# [Supplied information]
-*-*-

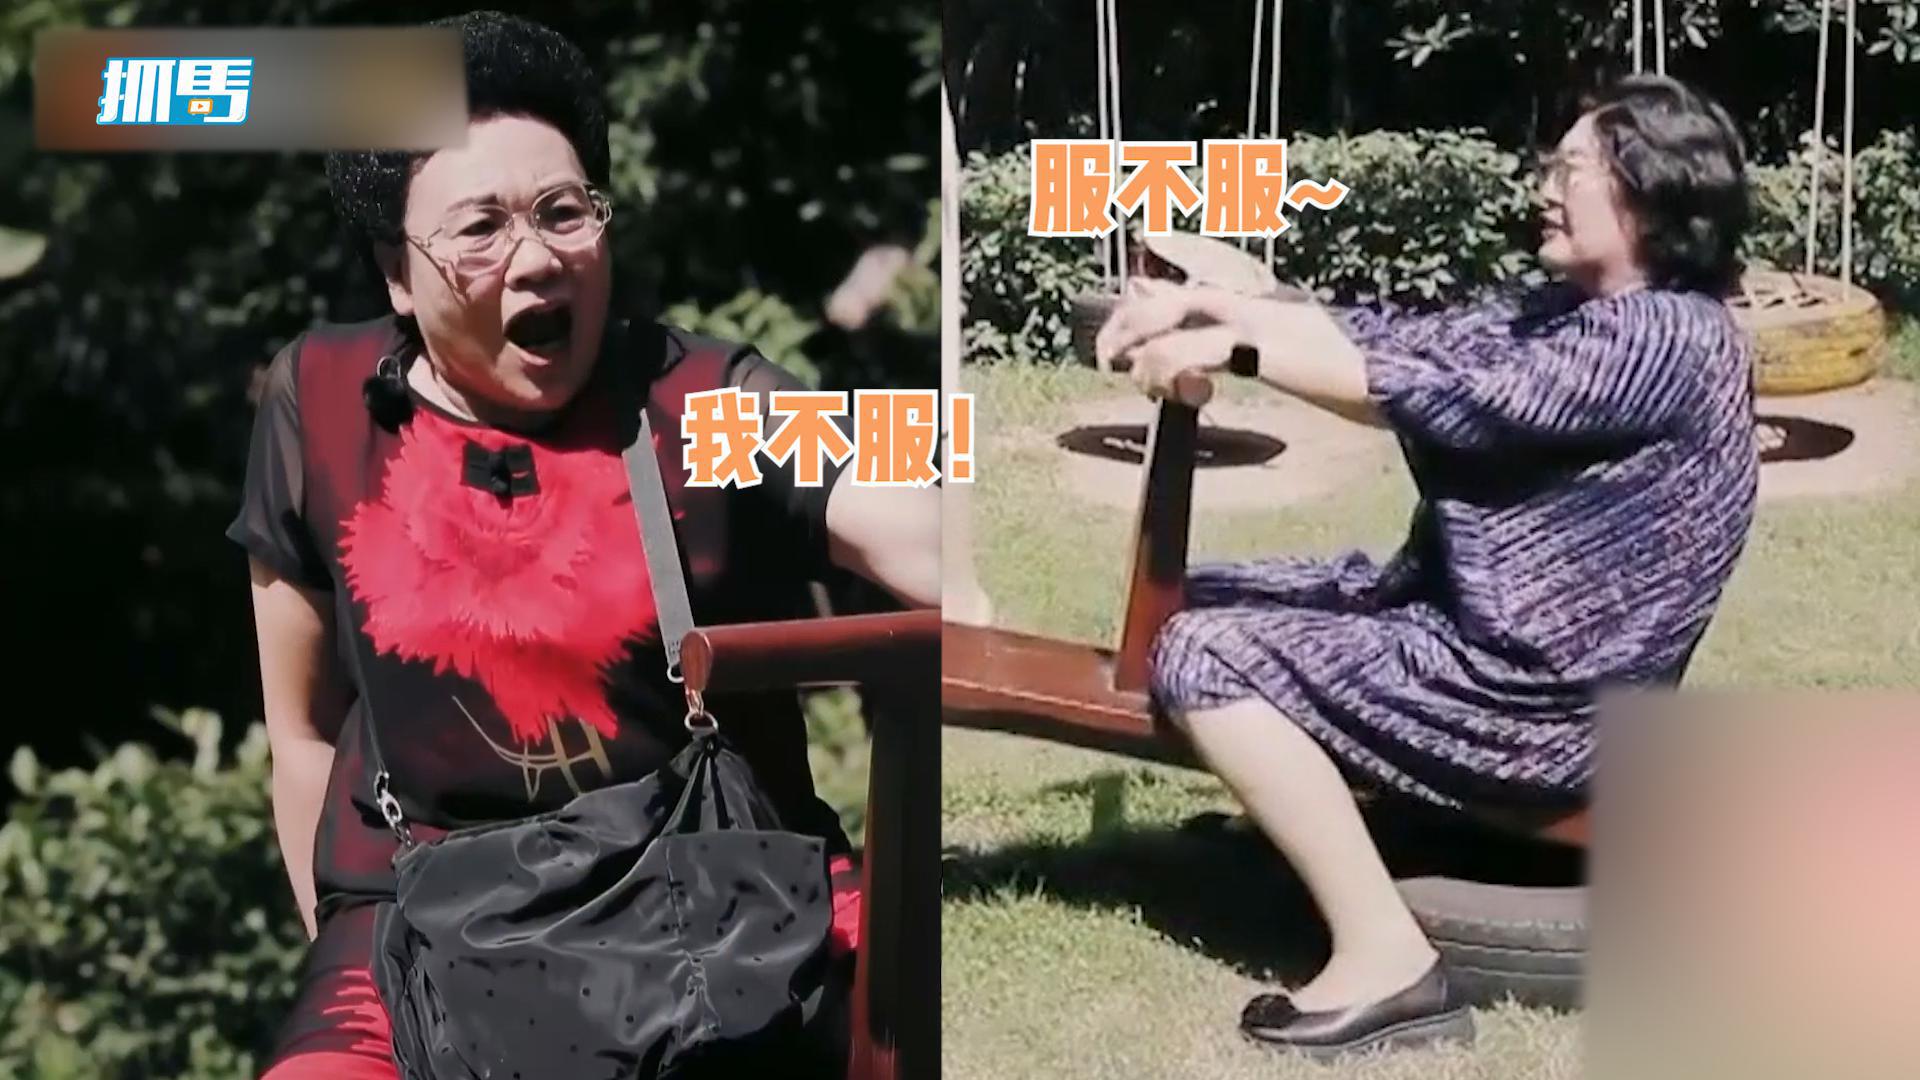 秦昊妈和张伦硕妈玩跷跷板,秦妈体重被力压,急到尖叫狂蹬小短腿
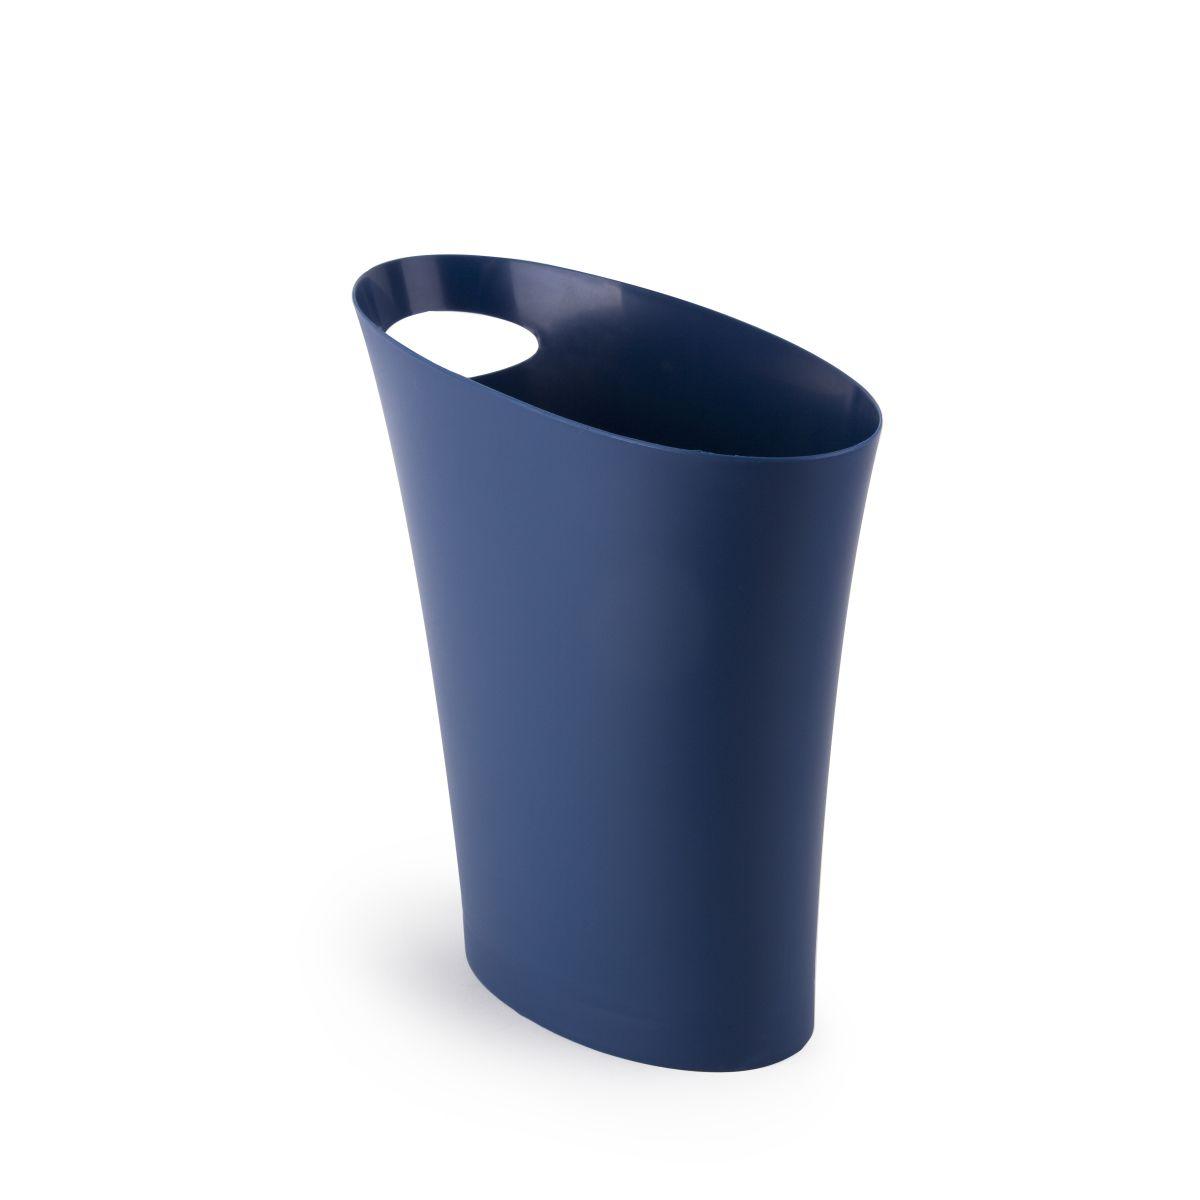 Контейнер мусорный skinny индиго UmbraХранение и порядок<br>. Бренд - Umbra. материал - полипропилен. цвет - фиолетовый.<br><br>популярные производители: Umbra<br>материал: полипропилен<br>цвет: фиолетовый
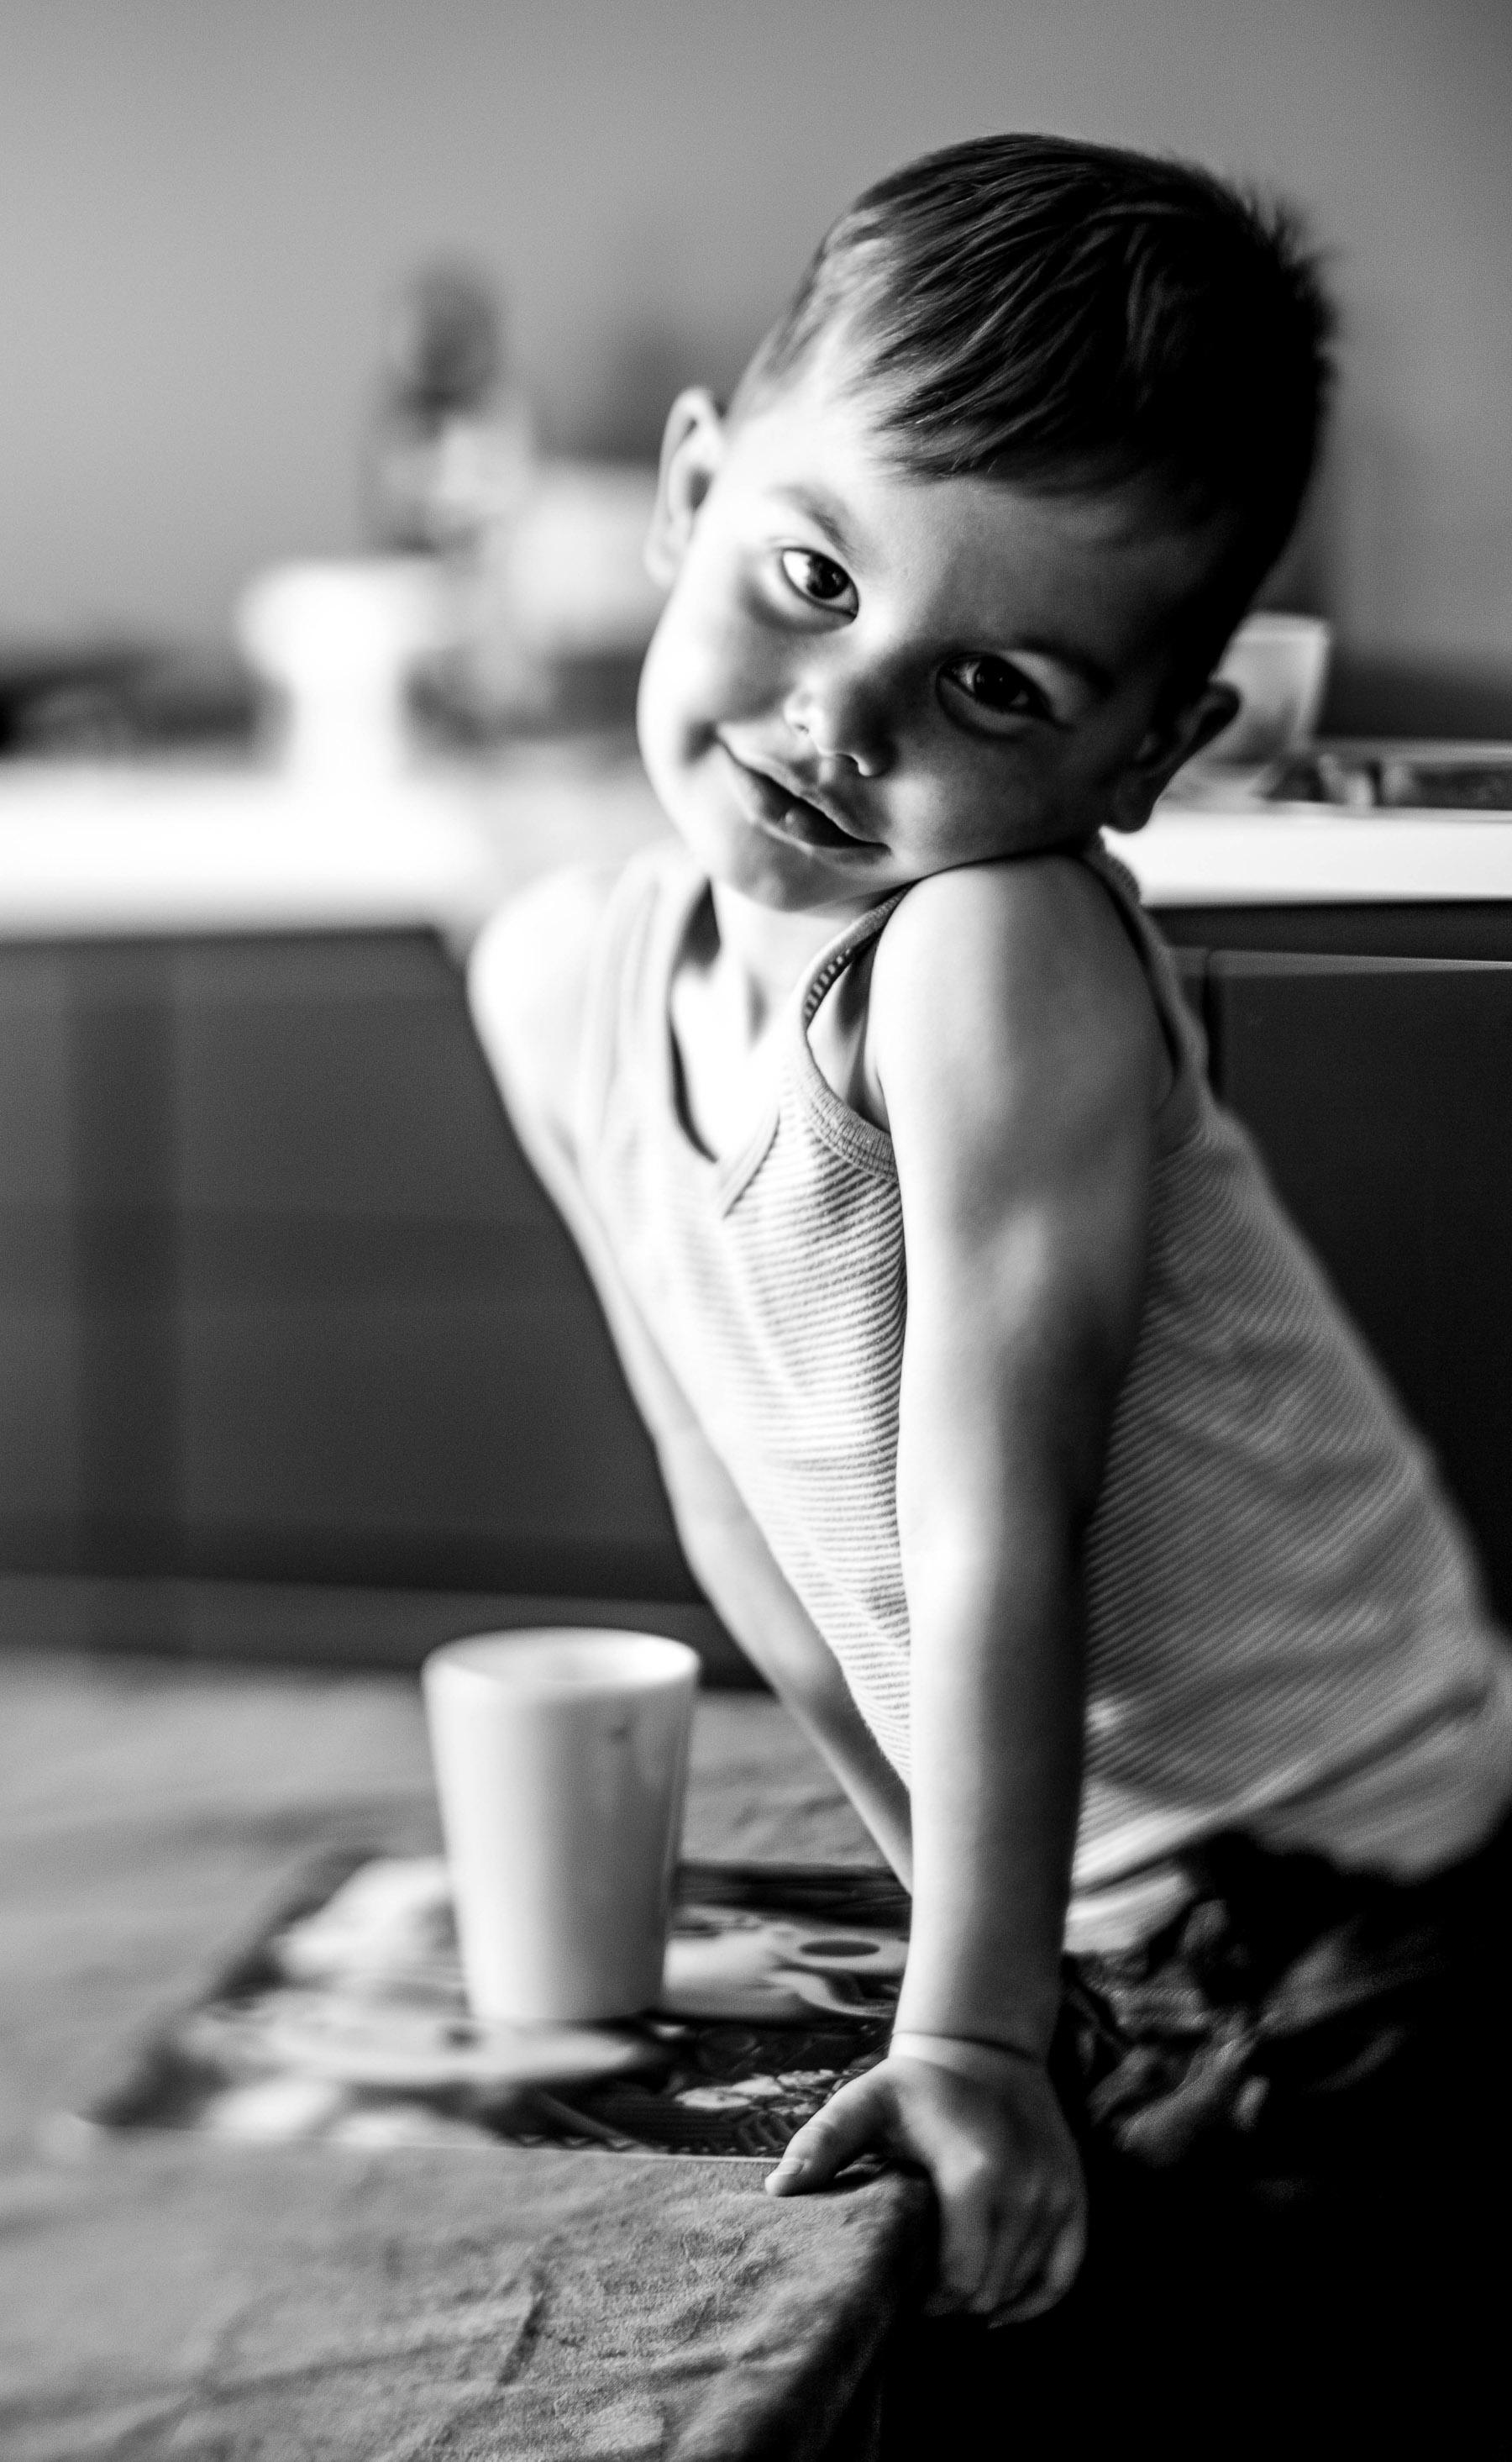 patricia-vanrespaille-photographer-portrait-061.jpg
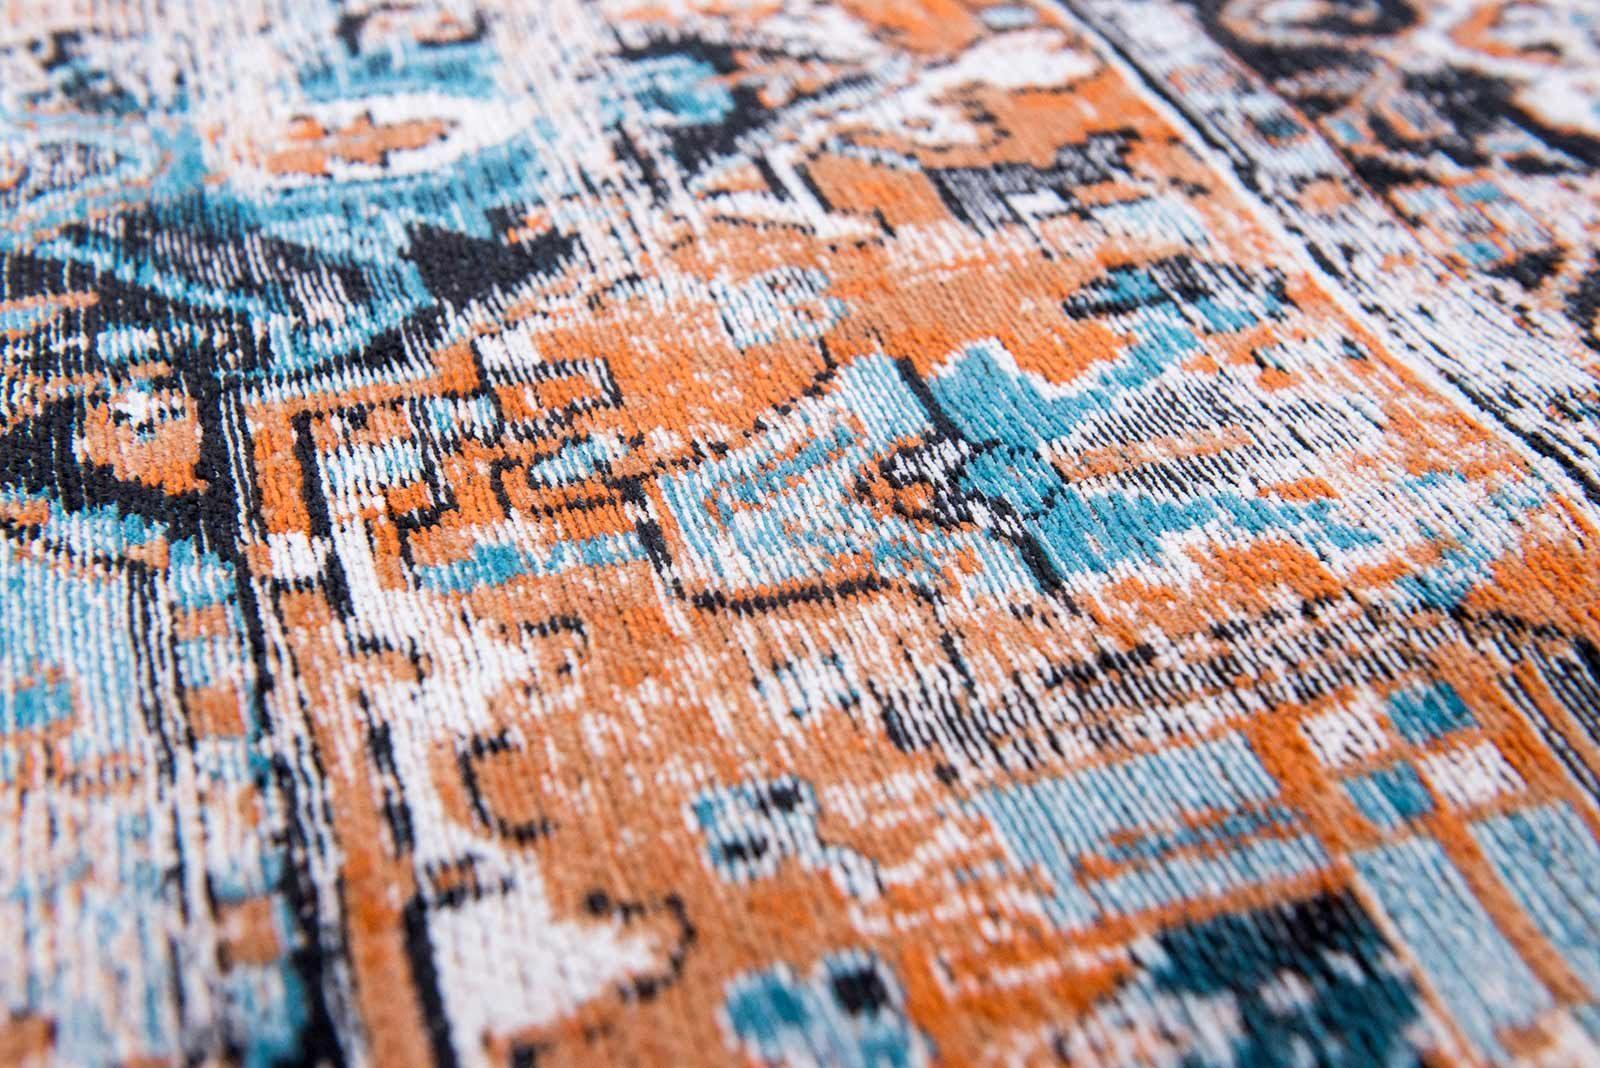 vloerkleed Louis De Poortere LX8705 Antiquarian Antique Heriz Seray Orange zoom 2

-*-*-

# [Task description]
With the pictures omitted, the material is to be transcribed exactly.

# [Task output]
 秦昊妈和张伦硕妈玩跷跷板,秦妈体重被力压,急到尖叫狂蹬小短腿
 Контейнер мусорный skinny индиго UmbraХранение и порядок<br>. Бренд - Umbra. материал - полипропилен. цвет - фиолетовый.<br><br>популярные производители: Umbra<br>материал: полипропилен<br>цвет: фиолетовый
 patricia-vanrespaille-photographer-portrait-061.jpg
 vloerkleed Louis De Poortere LX8705 Antiquarian Antique Heriz Seray Orange zoom 2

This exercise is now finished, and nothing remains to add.